Make the decision to split data very carefully, especially when the system is already in production. Changing the data structure might have a system-wide impact on a large number of queries that reference the old definition of the object. In such cases, to minimize risks, SQL Server views can be effective in hiding the vertical partitioning of data. Also, if you find that users and developers are frequently joining between the vertically split tables because they need to pull data together from both tables, you might want to reconsider the split point or the splitting of the table itself. Frequent joins between split tables with smaller rows will require more I/Os to retrieve the same data than if the data resided in a single table with wider rows.

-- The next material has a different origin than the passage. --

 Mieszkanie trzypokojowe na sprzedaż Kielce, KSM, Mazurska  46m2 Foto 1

Performance Implications of Zero to One Relationships

Suppose that one of the development managers in your company, Bob, approaches you to discuss some database schema changes. He is one of several managers whose groups all use the central User table in your database. Bob's application makes use of about 5 percent of the users in the User table. Bob has a requirement to track five yes/no/undecided flags associated with those users. He would like you to add five, one-character columns to the user table to track this information. What do you tell Bob?

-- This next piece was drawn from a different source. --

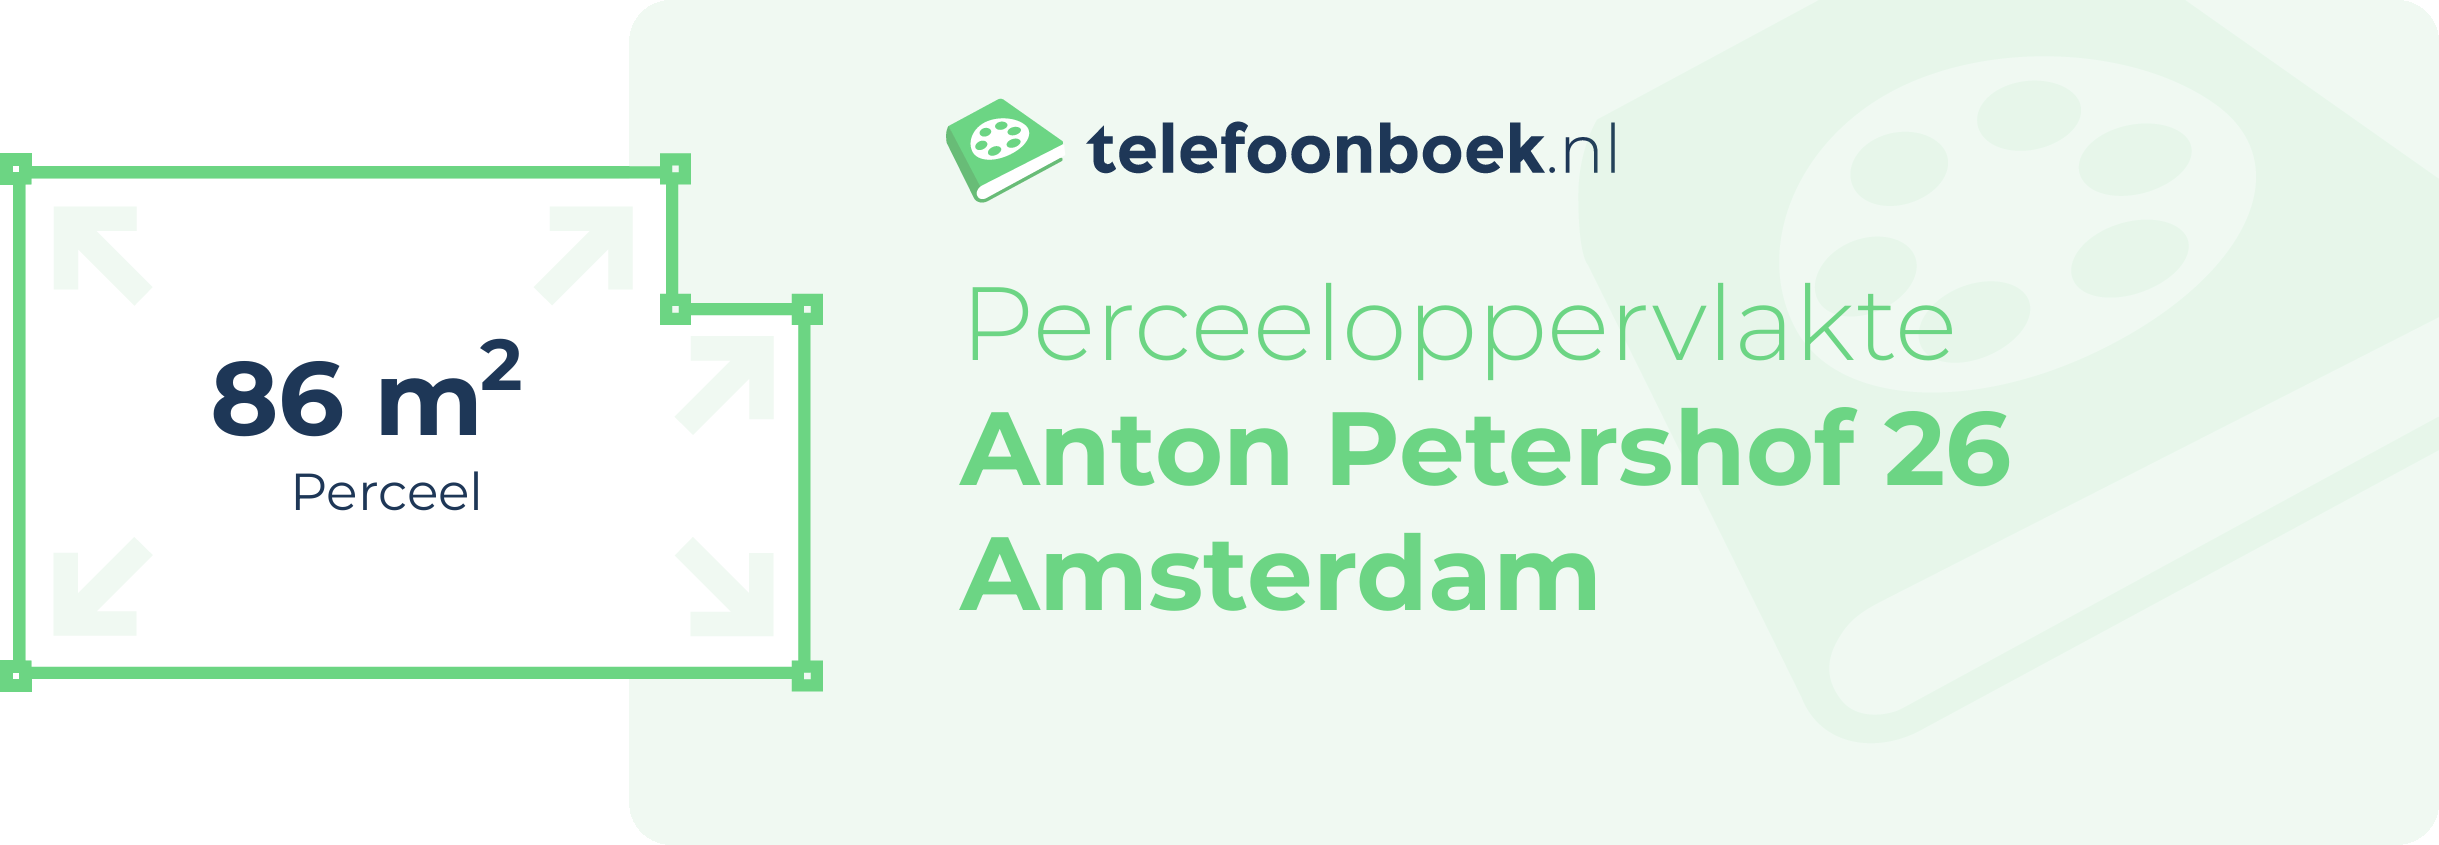 Perceeloppervlakte Anton Petershof 26 Amsterdam

Bob has a classic zero-to-one problem. He has some data he needs to track, but it applies to only a small subset of the data in the table. You can approach this problem in one of three ways:

Option one: Add the columns to the User table?95 percent of your users will have NULL values in those columns, and the table will become wider for everybody.
Option two: Create a new table with a vertical partition of the User table?The new table will contain the User primary key and Bob's five flags. 95 percent of your users still have NULL data in the new table, but the User table is safe from the effects of this. Because other groups don't need to use the new partition table, this is a nice compromise.
Option three: Create a new vertically partitioned table as in option two, but populate it only with rows that have at least one non-NULL value for the columns in the new partition?This is great for database performance, and searches in the new table will be wonderfully fast. The only drawback to this is that Bob's developers will have to add additional logic to their applications to determine if a row exists during updates. Bob's folks will need to use an outer join to the table to cover the possibility that a row doesn't exist.

Depending on the goals of your project, any one of these options is appropriate. The first option is simple and is the easiest to code for and understand. The second option is a good compromise between performance and simplicity. The third option gives the best performance in certain circumstances, but impacts performance in certain other situations and definitely causes more coding work to be done.